Jeunesse et éducation
Naila Ayesh est née en 1961 à Naplouse, en Cisjordanie, et a grandi sous l'occupation israélienne. Elle a été scolarisée au collège et au lycée de Ramallah. En 1969, elle est âgée de 8 ans. Elle est en récréation lorsqu’elle entend des explosions à 10h du matin. C’est sa maison à Lifta qui est démolie, celle de ses parents et de ses 4 sœurs. Cet événement a installé en elle un sentiment d’hostilité envers l’occupation israélienne [5]. Naila Ayesh commence à s'impliquer dans le militantisme politique lorsqu'elle arrive au lycée. Elle postule pour une bourse afin d’étudier à l’Académie bulgare des Sciences à Sofia en Bulgarie, ce qui lui permettra d’apprendre de manière plus libre, sans être sous le contrôle constant des politiques de restrictions israéliennes [6]. Elle y rencontre en 1980 son futur mari Jamal Zakout, un militant politique originaire de Gaza et président de l’union étudiante. Naila Ayesh obtient son diplôme et rentre à Ramallah, où elle marie directement Jamal. Ils ont le même désir : mettre fin à l’occupation [7].
Carrière et militantisme
Lors de son retour à Ramallah après ses études en Bulgarie, Naila Ayesh rejoint les jeunes du Front démocratique pour la libération de la Palestine ( ٱلجَّبْهَة ٱلدِّيمُوقْرَاطِيَّة لِتَحْرِير فِلَسْطِين ), un parti politique fondé en1968 par Nayef Hawatmeh. Elle a été attirée par le groupe en raison de son soutien aux femmes et de son engagement en faveur de la participation des femmes aux activités politiques. À cette époque, les partis politiques commencent à prendre forme malgré le danger couru d’y participer [8].

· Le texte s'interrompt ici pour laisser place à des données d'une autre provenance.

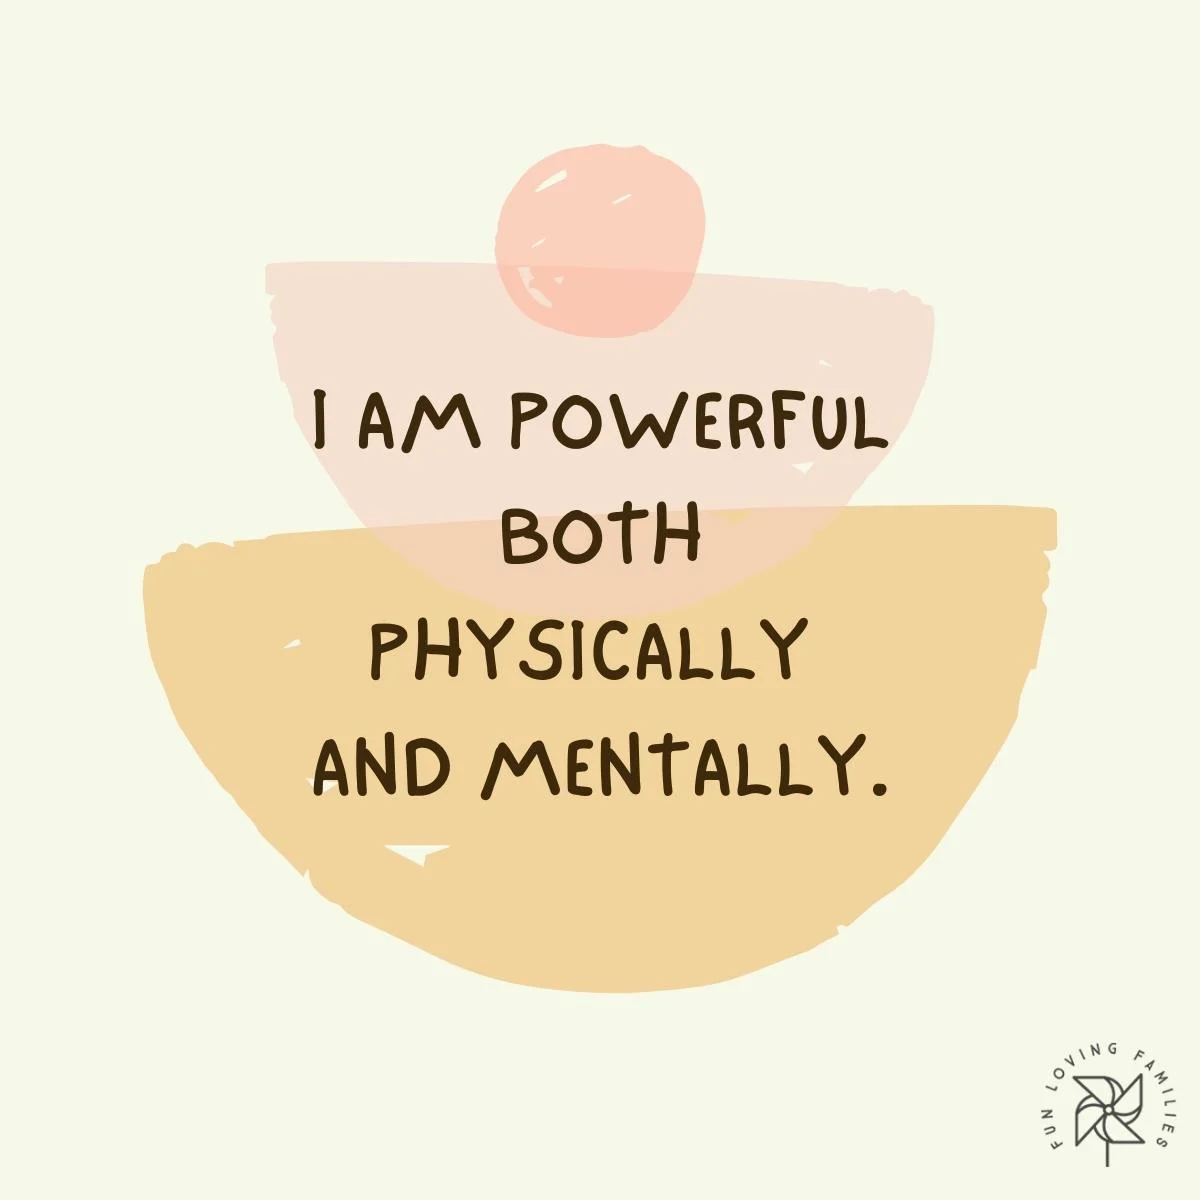 I am powerful both physically and mentally affirmation
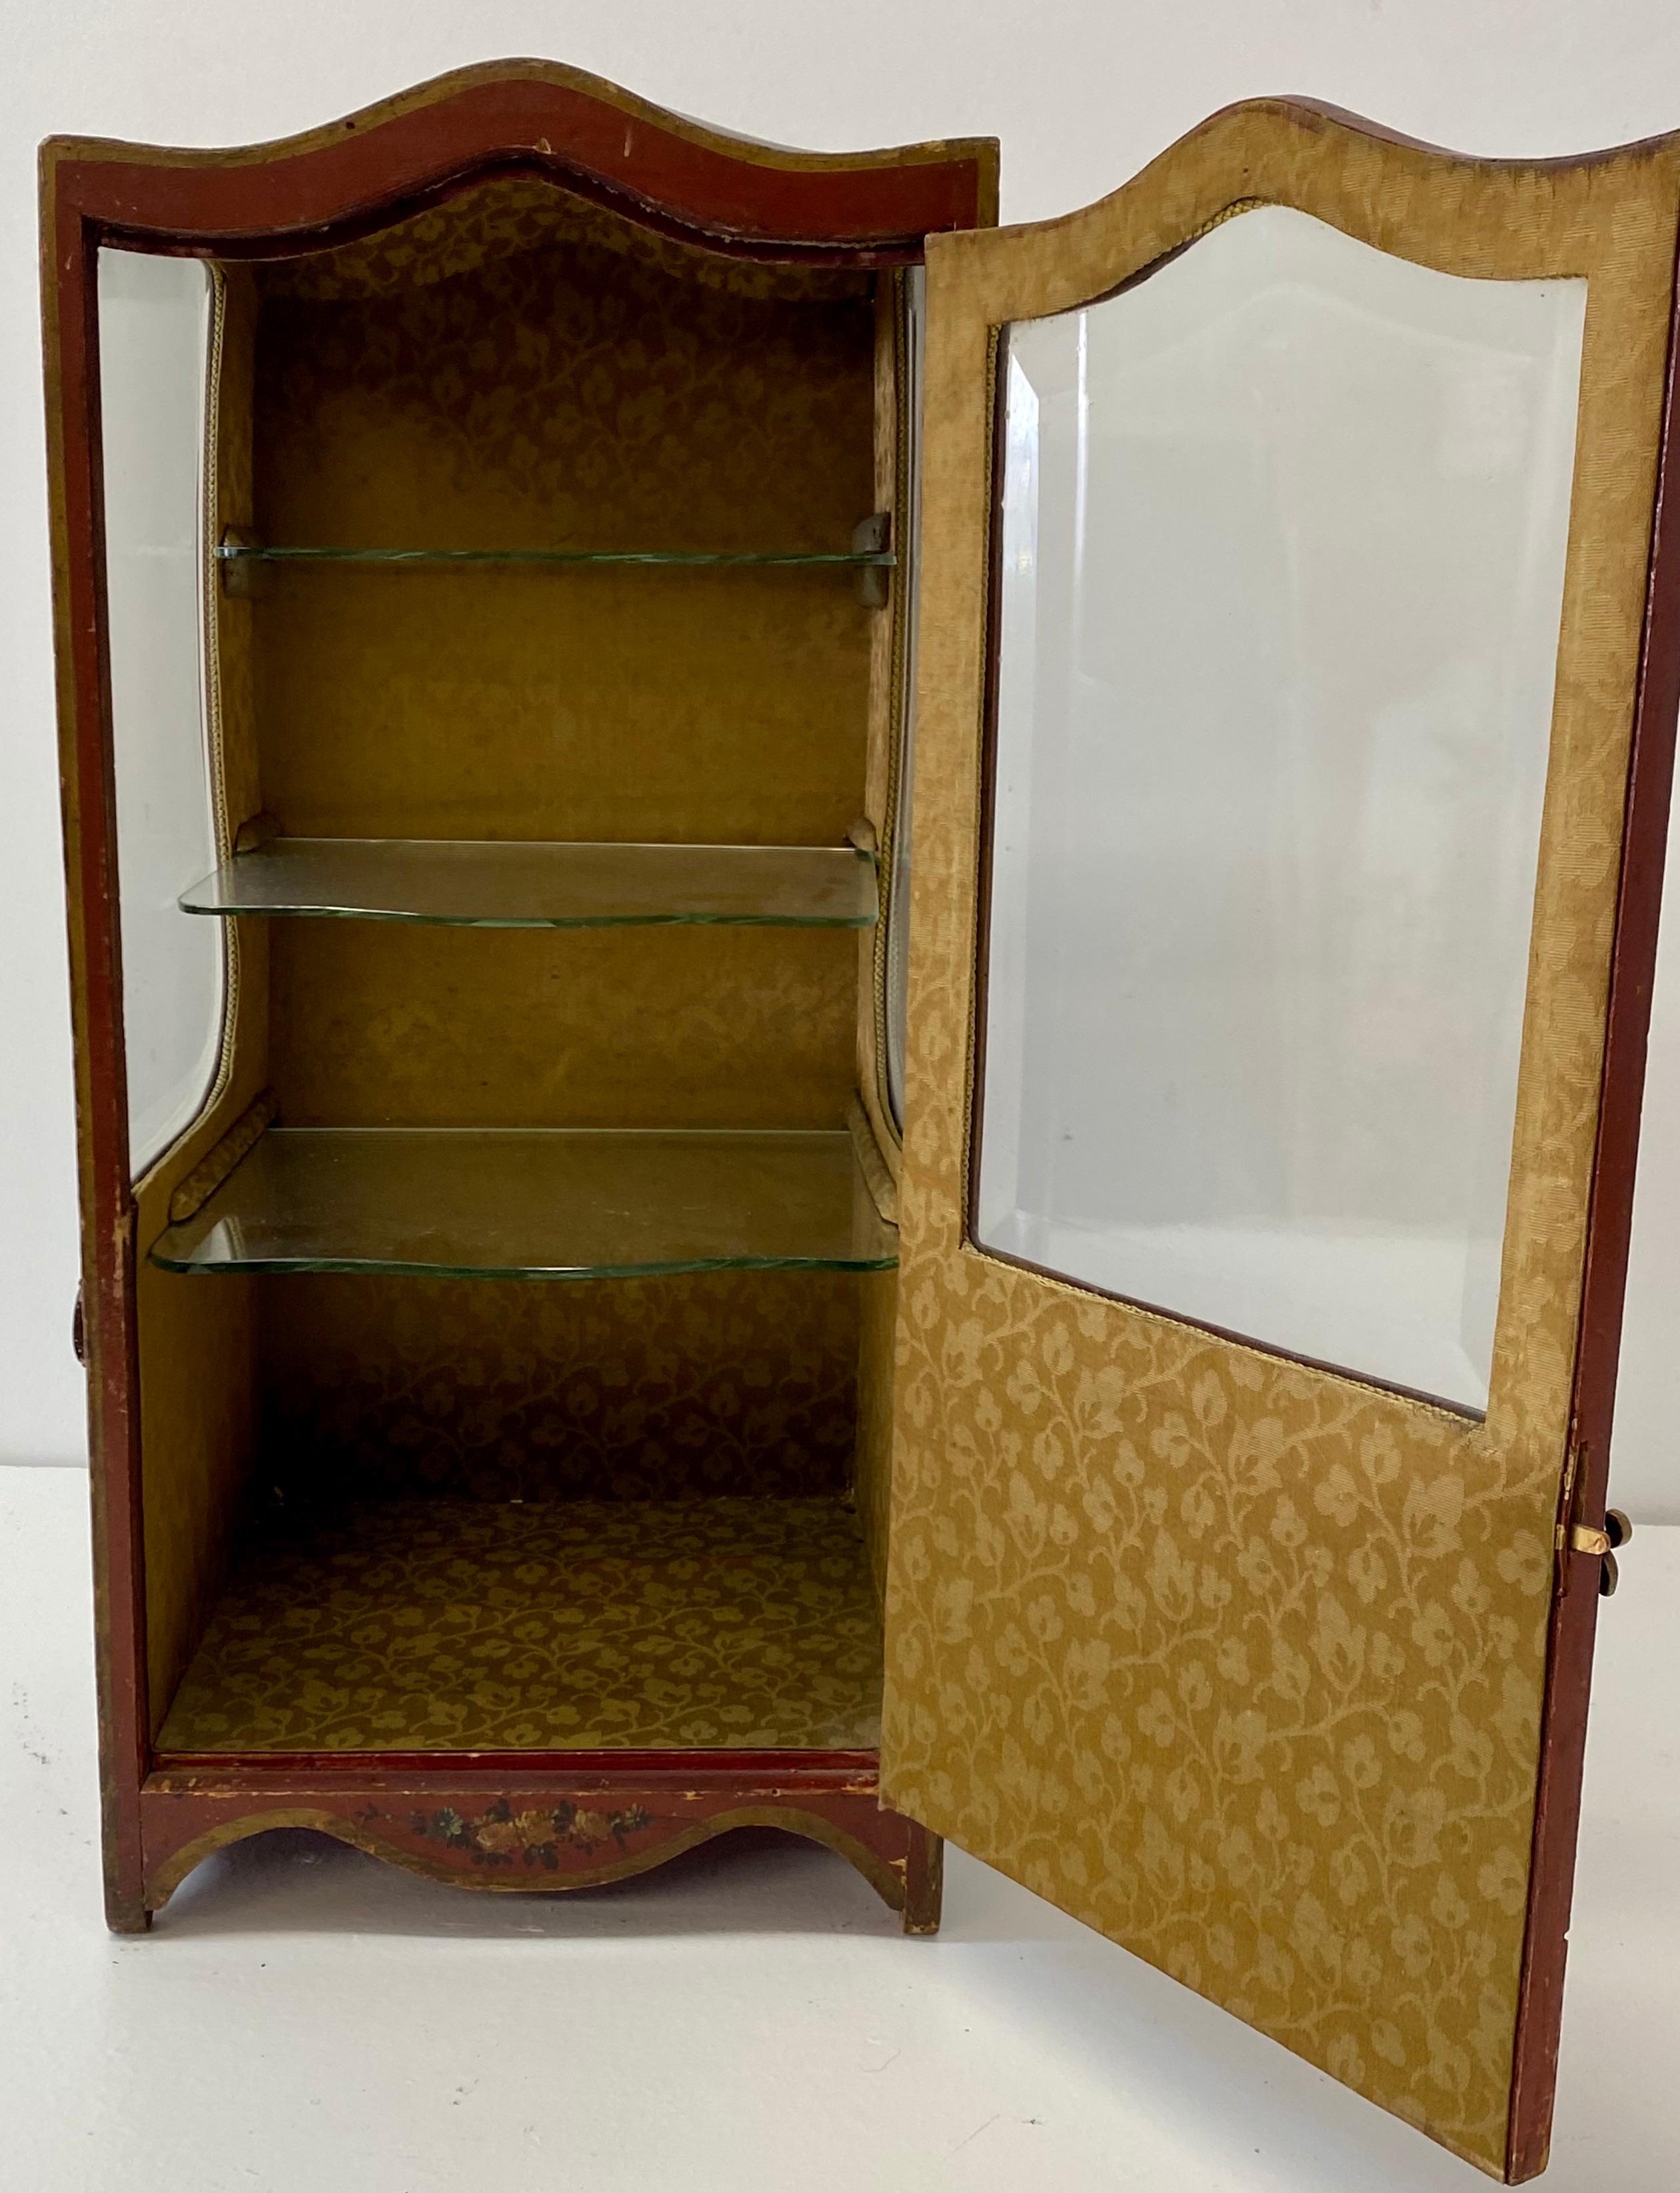 19th Century Late 19th to Early 20th Century Sedan Chair Miniature Table Top Display Cabinet For Sale

En février 1987, Naila Ayesh est au début de sa maternité lorsqu’elle est arrêtée par les forces israéliennes dans sa maison à Gaza. Emmenée à la prison d’Al-Maskubia (المَسكُوبِية) à Jérusalem, elle est interrogée pendant deux semaines enchaînée à une chaise dans des positions inconfortables. Elle est laissée dehors dans le froid et sous la pluie, sans attention médicale. Les forces israéliennes continuent à la détenir tant qu’elle n’avoue pas son affiliation au Front Démocratique (FDLP). Son mari Jamal parviendra à contacter des journalistes israéliens, dont Oren Cohen, qui l’aideront à médiatiser les conditions d’incarcération de sa femme. Selon le journaliste, le centre de détention est resté silencieux pendant un mois avant de tenir une conférence de presse pour nier les faits et pour se dédouaner de son rôle dans le traitement de leur prisonnière, remettant la faute sur les services secrets. Grâce à la forte pression médiatique, les autorités la libèrent enfin de prison. Mais sous la torture, Naila Ayesh perd son enfant [9].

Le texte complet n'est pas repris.